Exercise -
Set down, unchanged, the line holding "Ecoplus_Lice Repellent" and all lines that follow it to the end of the material, leaving pictures out.

Exercise data -
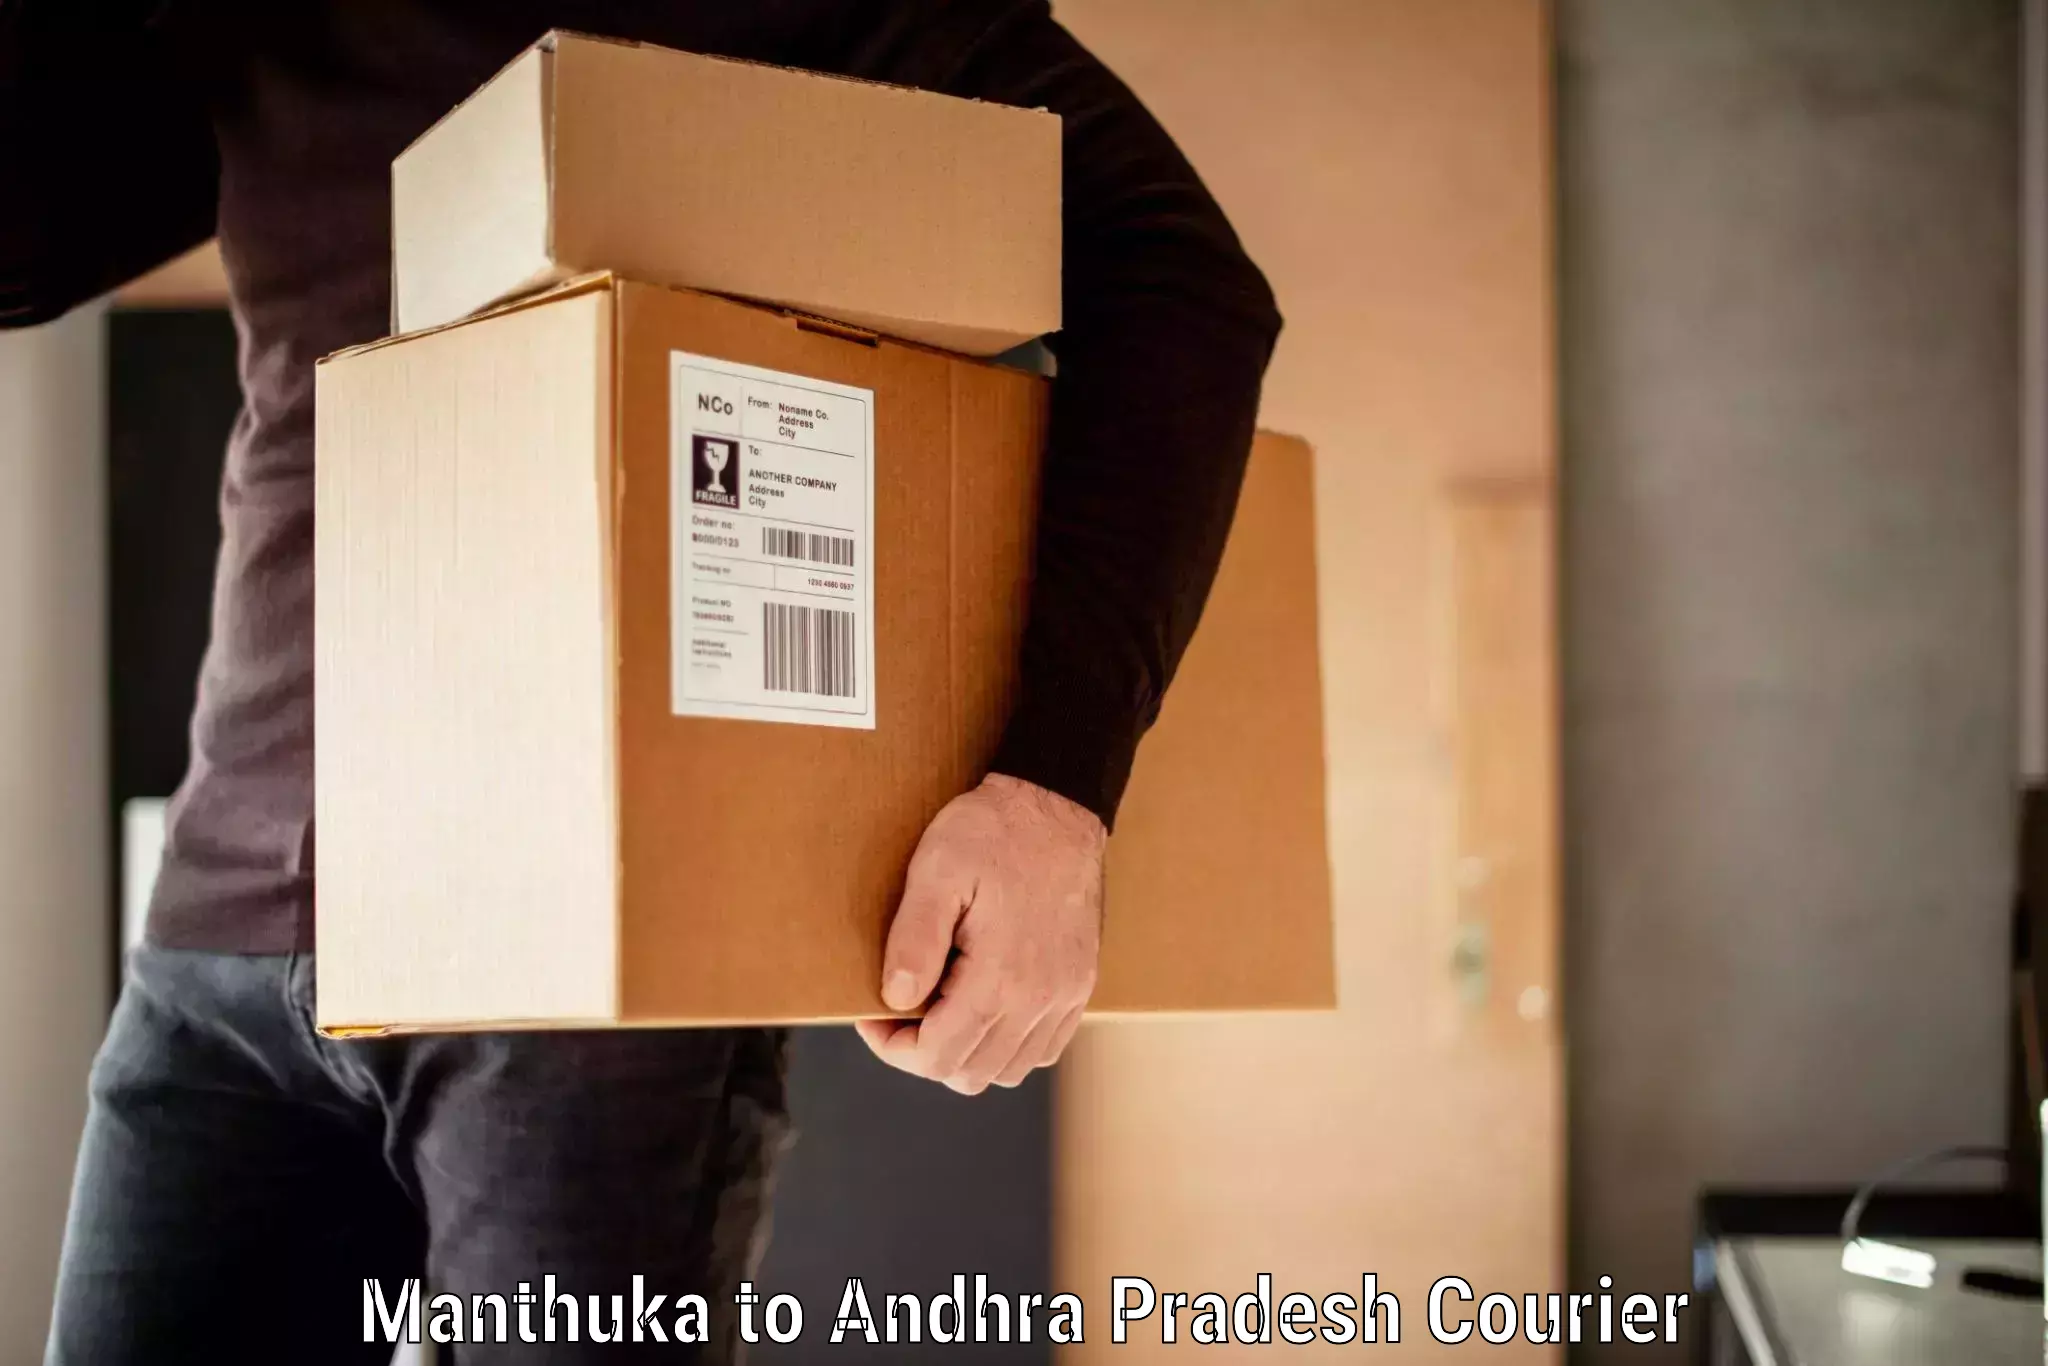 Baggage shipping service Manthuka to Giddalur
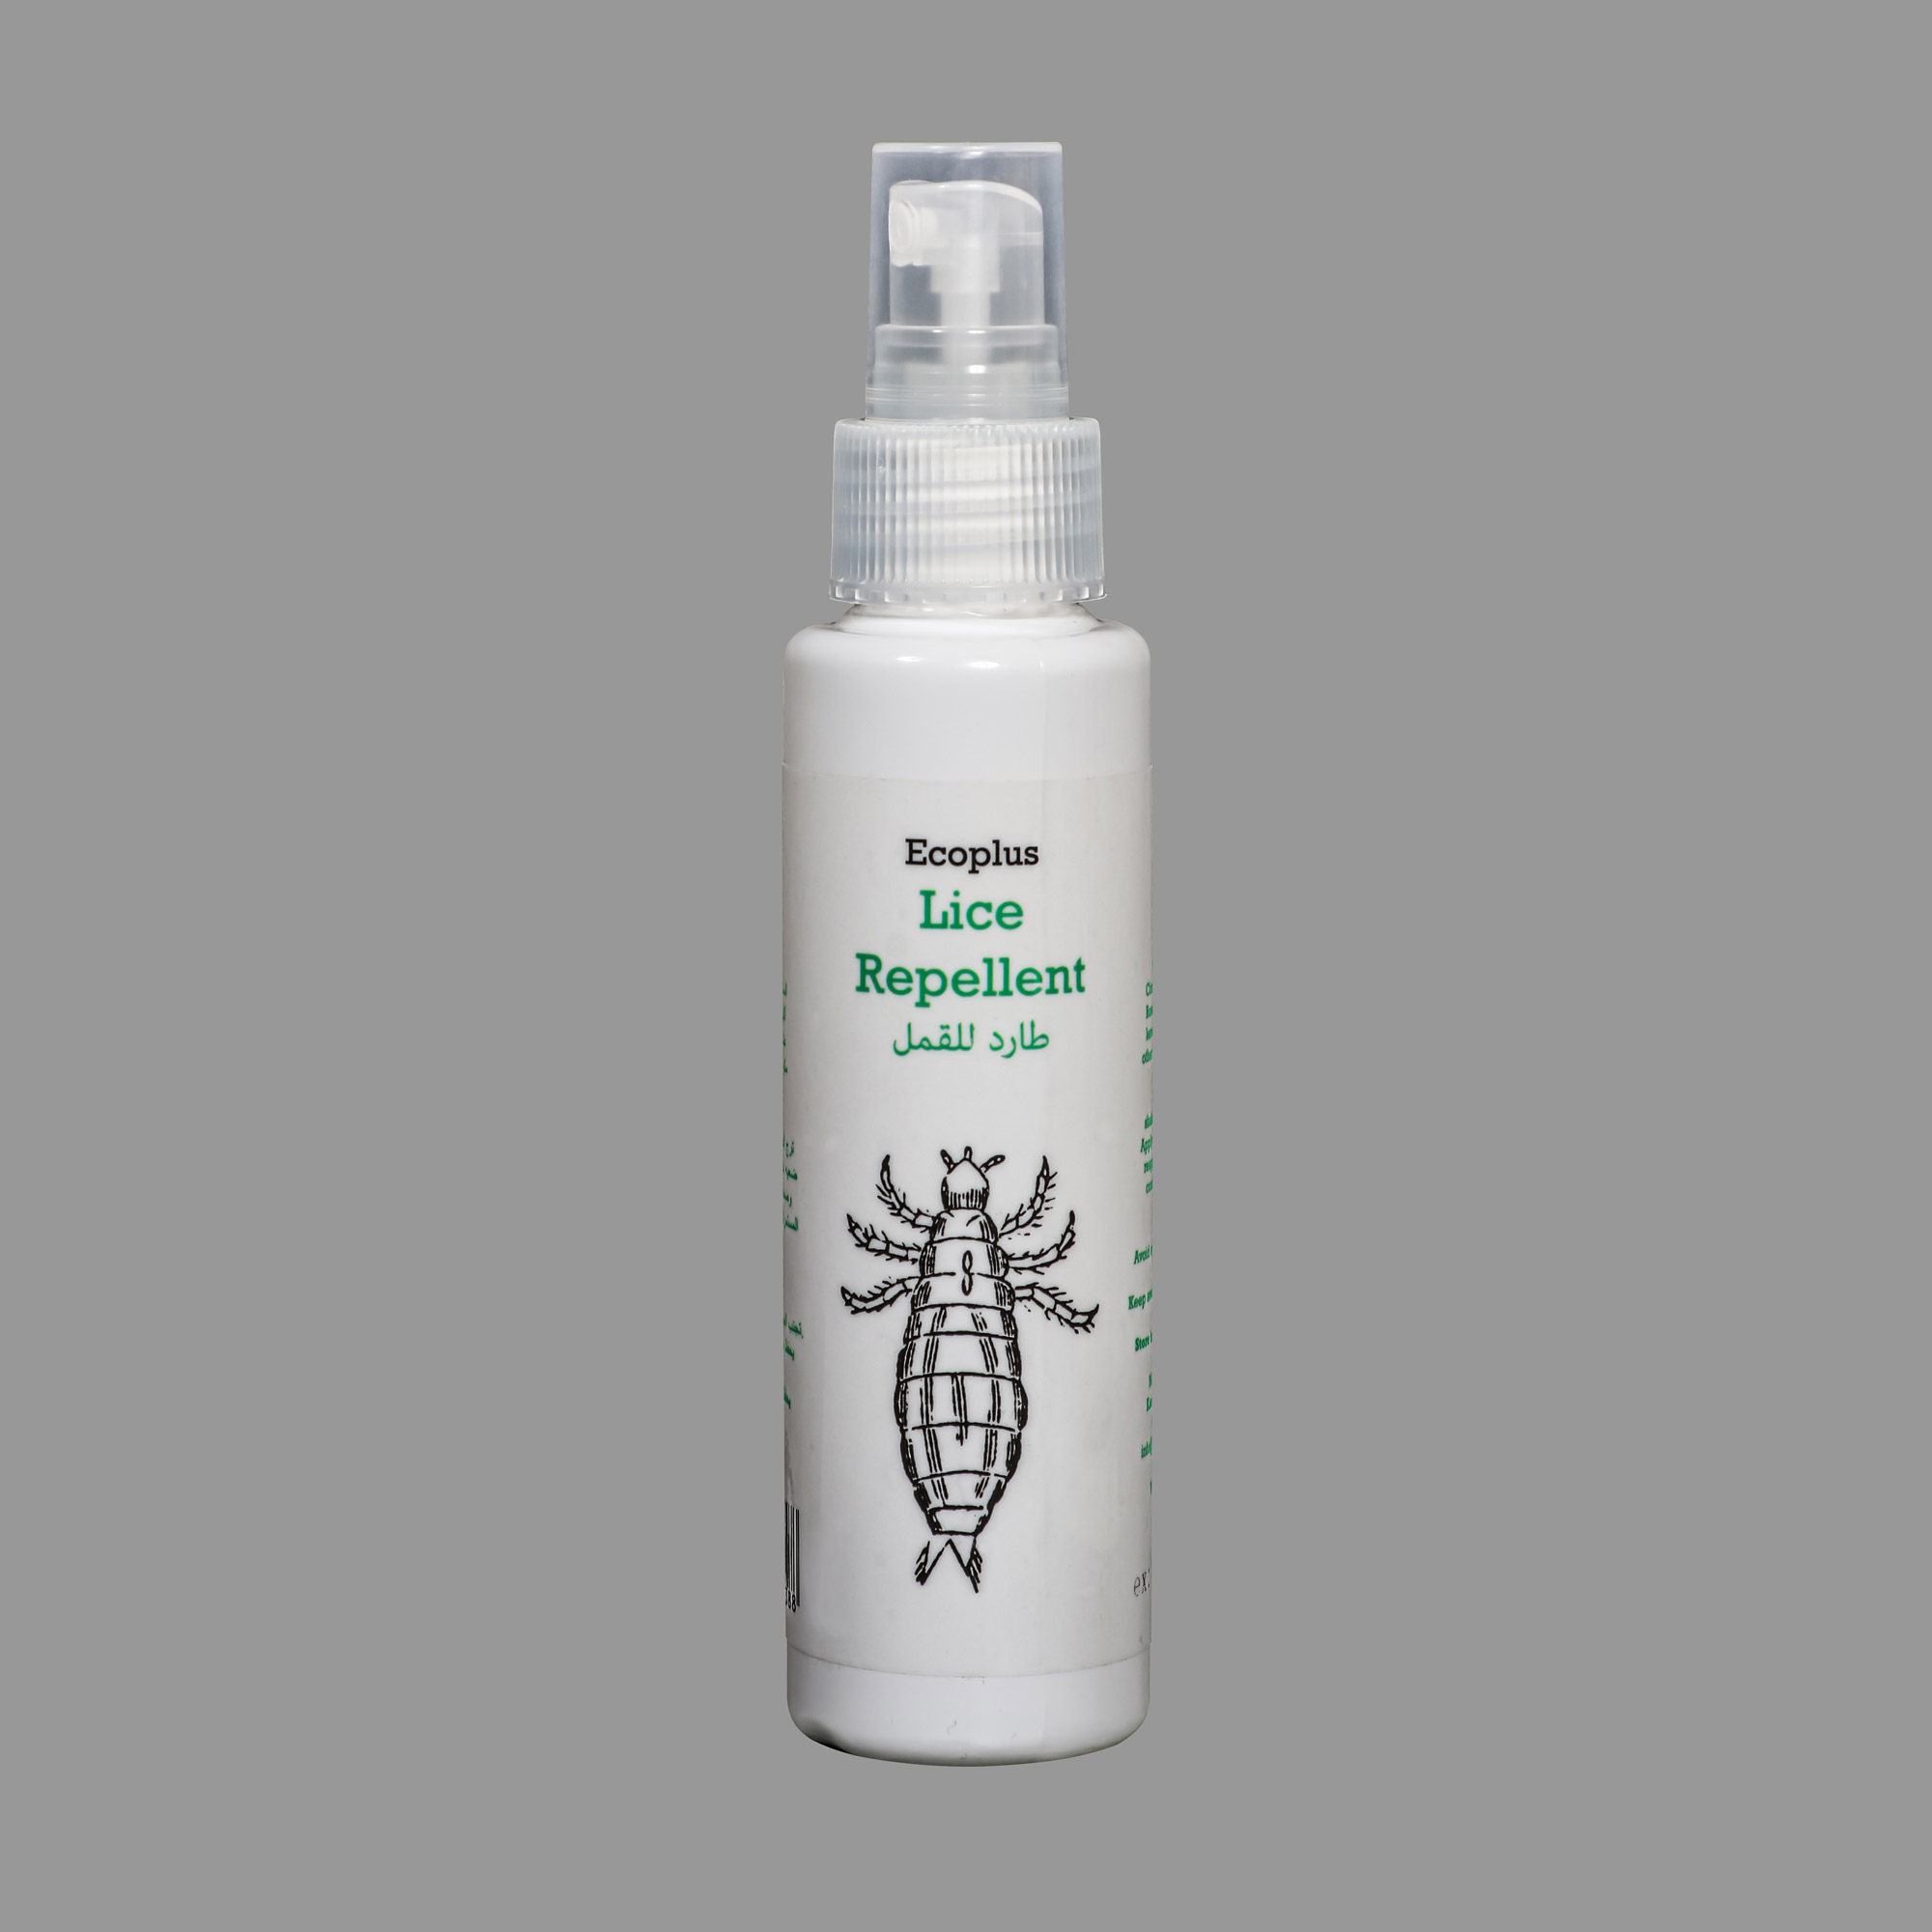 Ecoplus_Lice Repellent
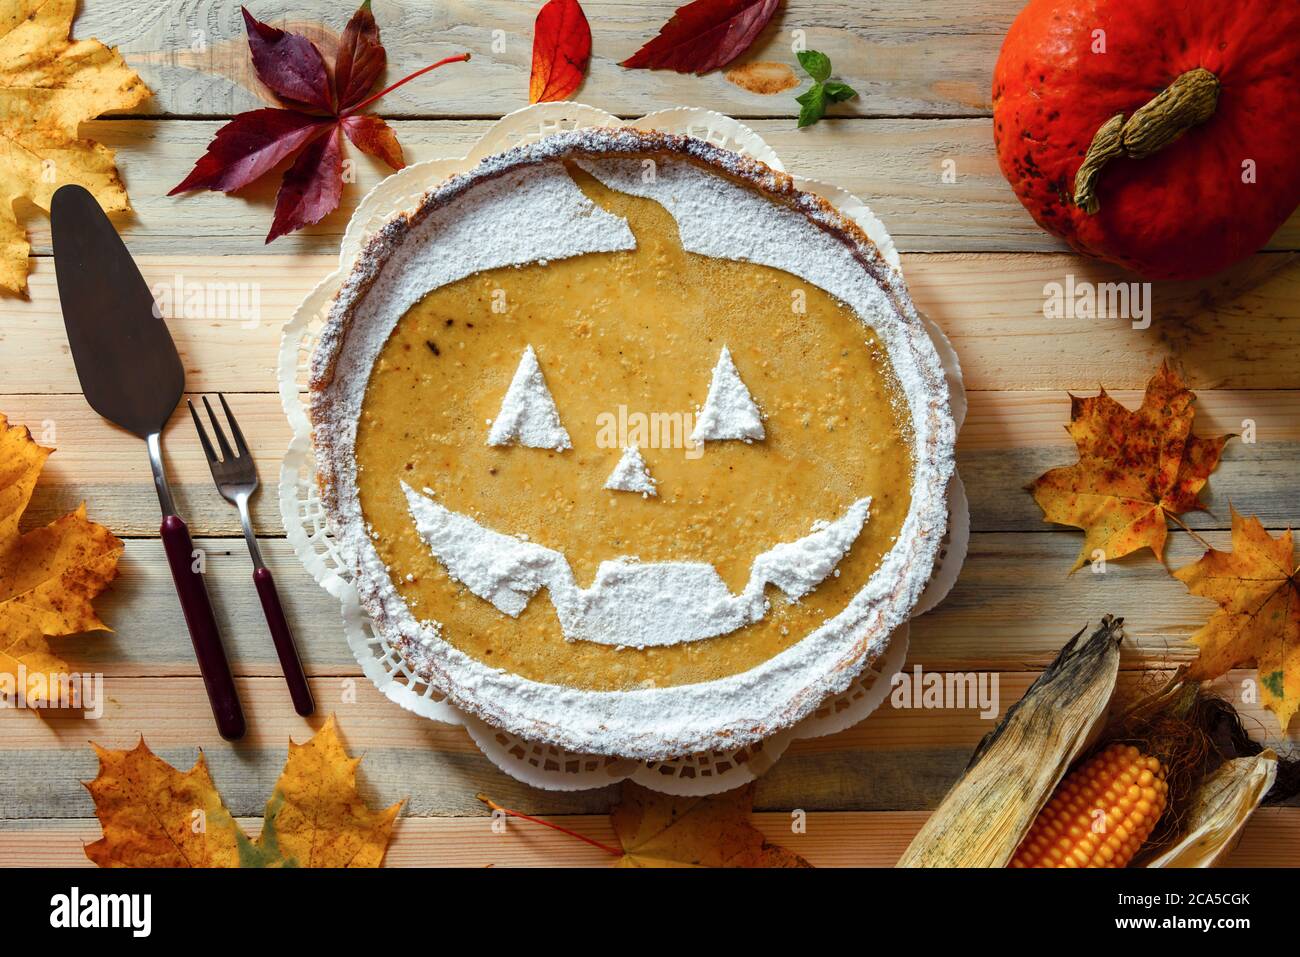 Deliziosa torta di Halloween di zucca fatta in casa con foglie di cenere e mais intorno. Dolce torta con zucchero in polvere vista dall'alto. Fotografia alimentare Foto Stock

Response -
 Ecoplus_Lice Repellent
 Deliziosa torta di Halloween di zucca fatta in casa con foglie di cenere e mais intorno. Dolce torta con zucchero in polvere vista dall'alto. Fotografia alimentare Foto Stock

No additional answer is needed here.